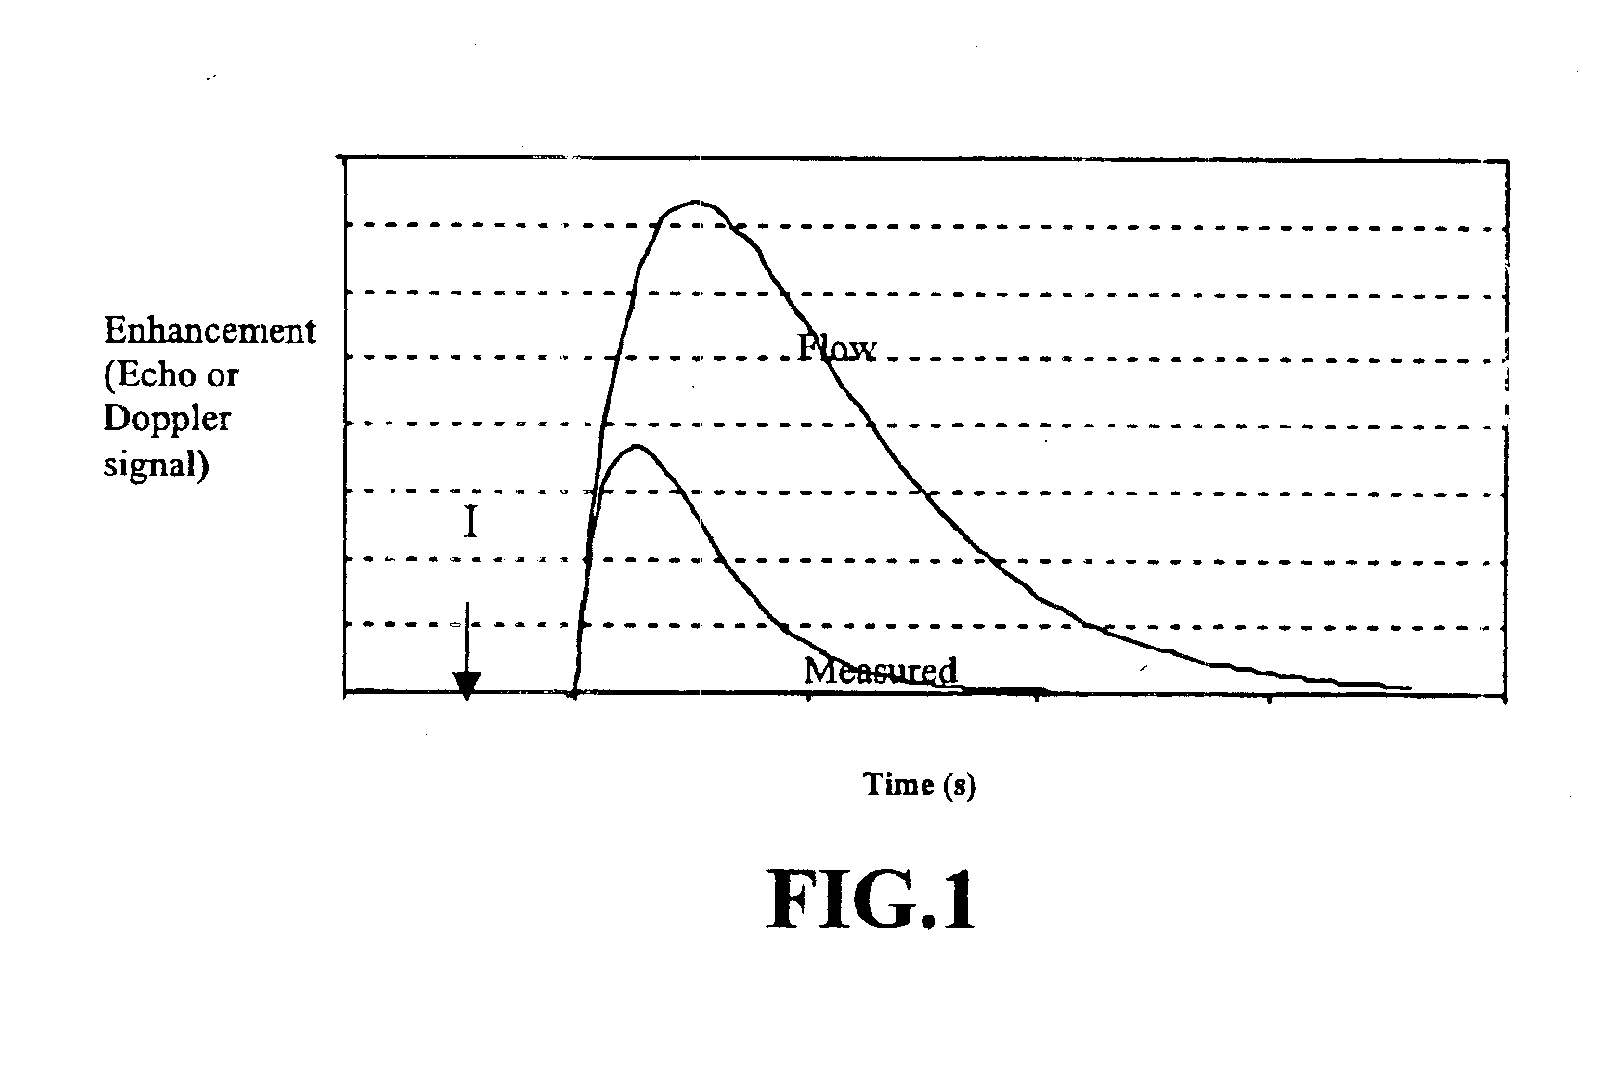 Method and apparatus to control microbubble destruction during contrast-enhanced ultrasound imaging, and uses therefor
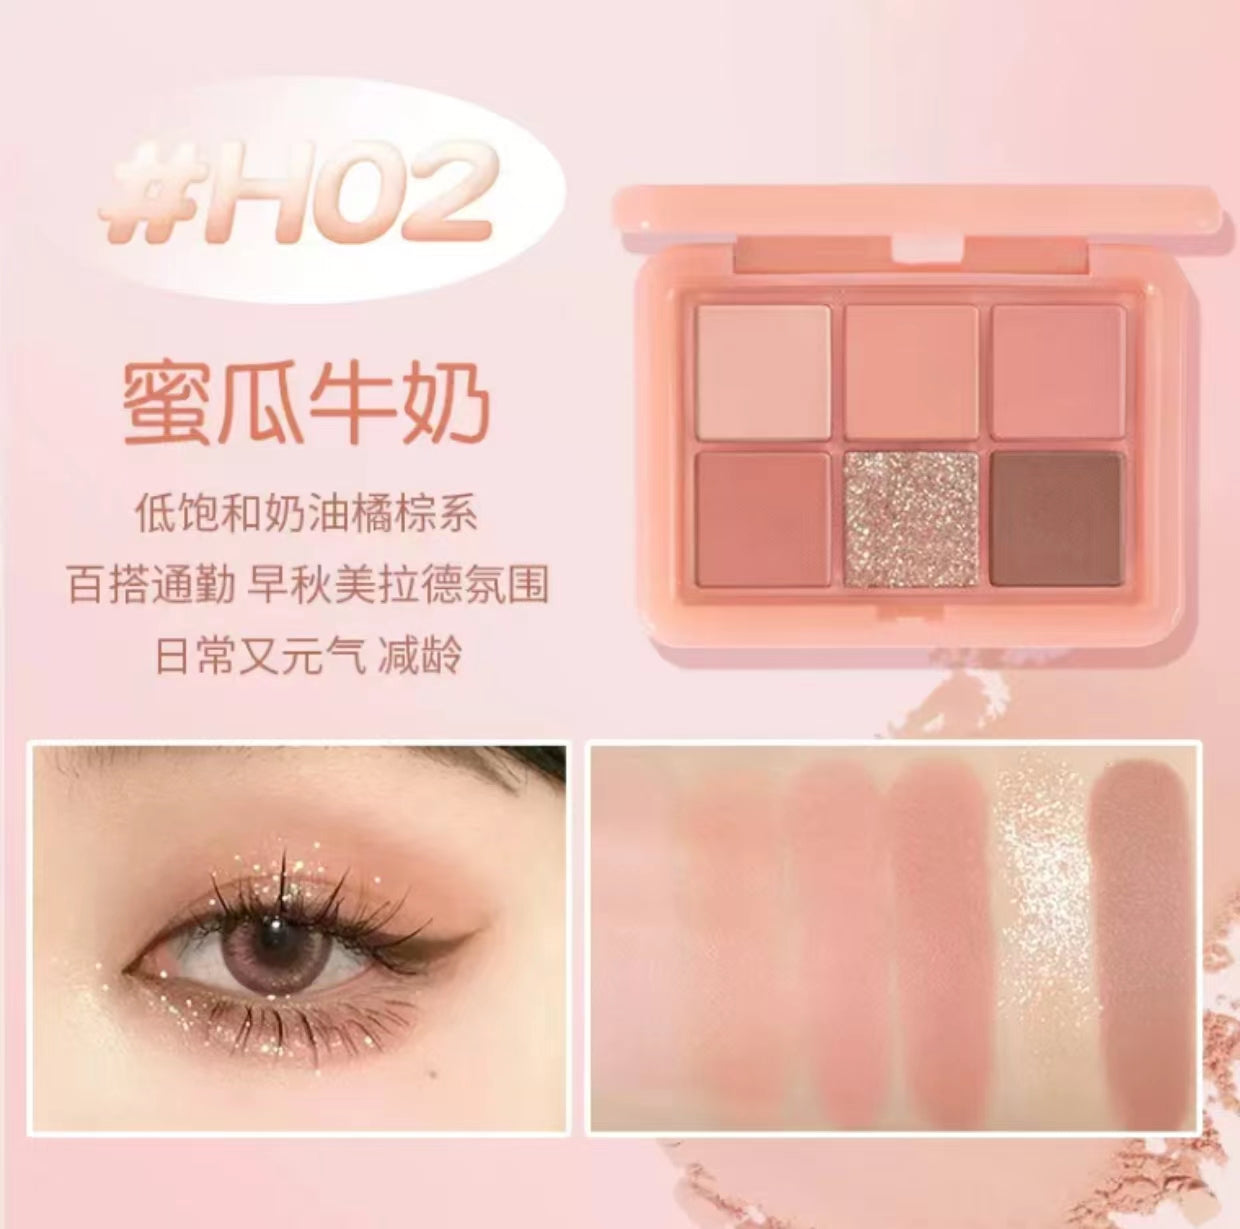 Holdlive Pink Jelly Eyeshadow Palette 9g 候爱小粉冻六色眼影盘
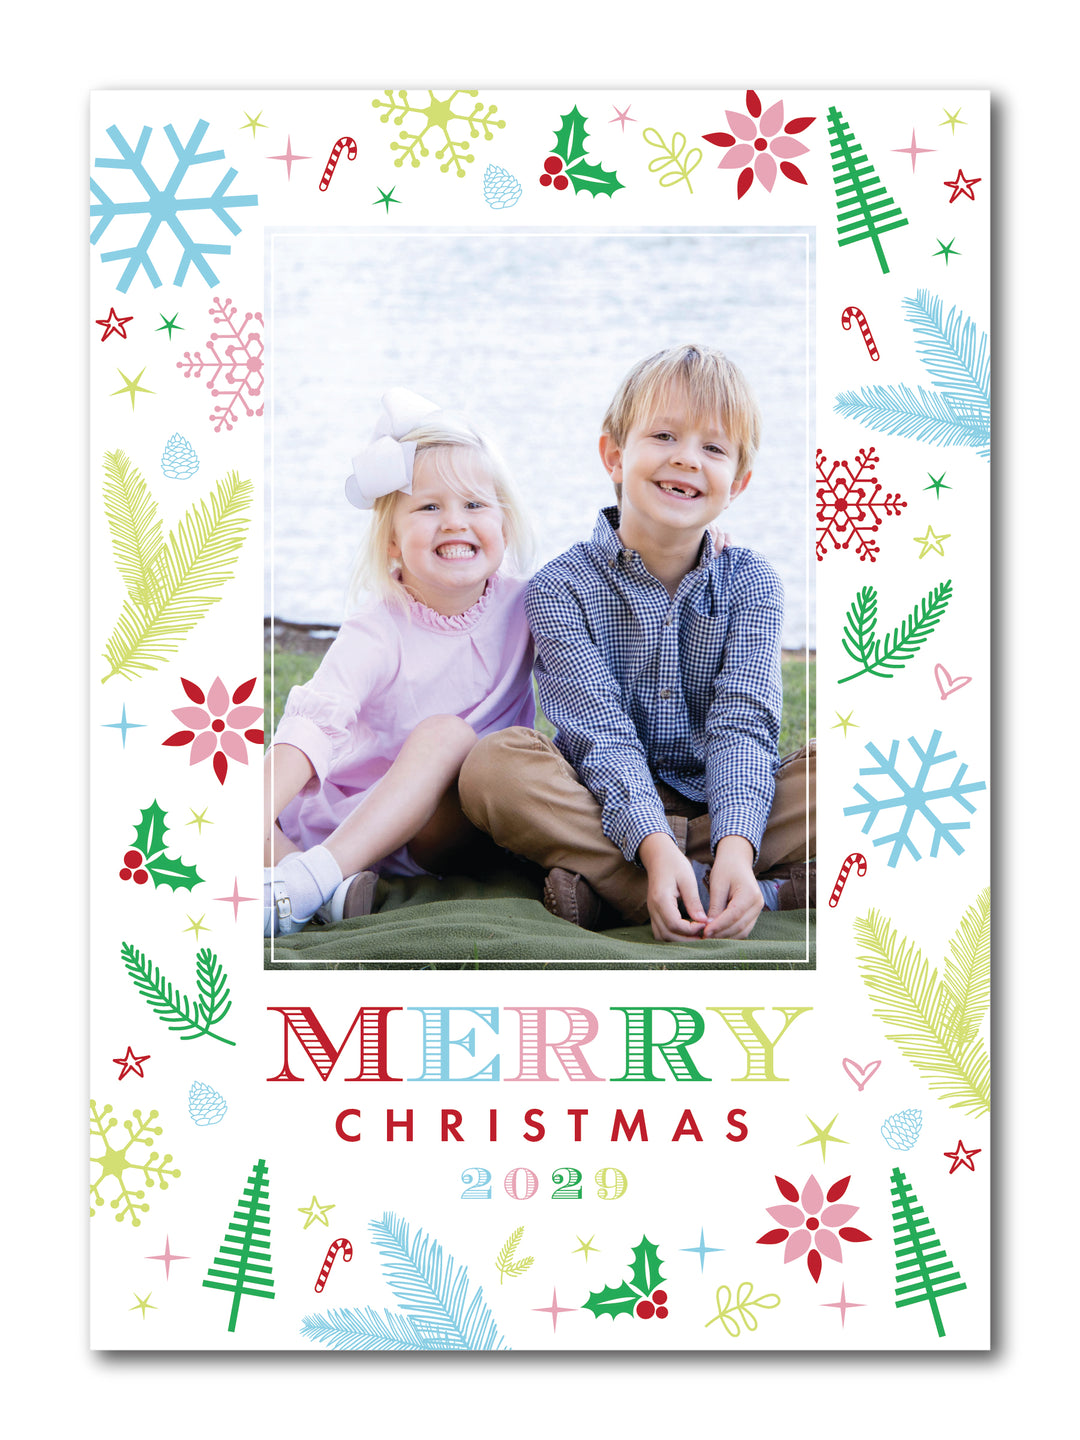 The William Christmas Card

* PROBLEM REQUIREMENTS:
Reproduce the data above exactly, leaving out any picture in it.

* YOUR SOLUTION:
 Method and apparatus to control microbubble destruction during contrast-enhanced ultrasound imaging, and uses therefor
 Holdlive Pink Jelly Eyeshadow Palette 9g 候爱小粉冻六色眼影盘
 The William Christmas Card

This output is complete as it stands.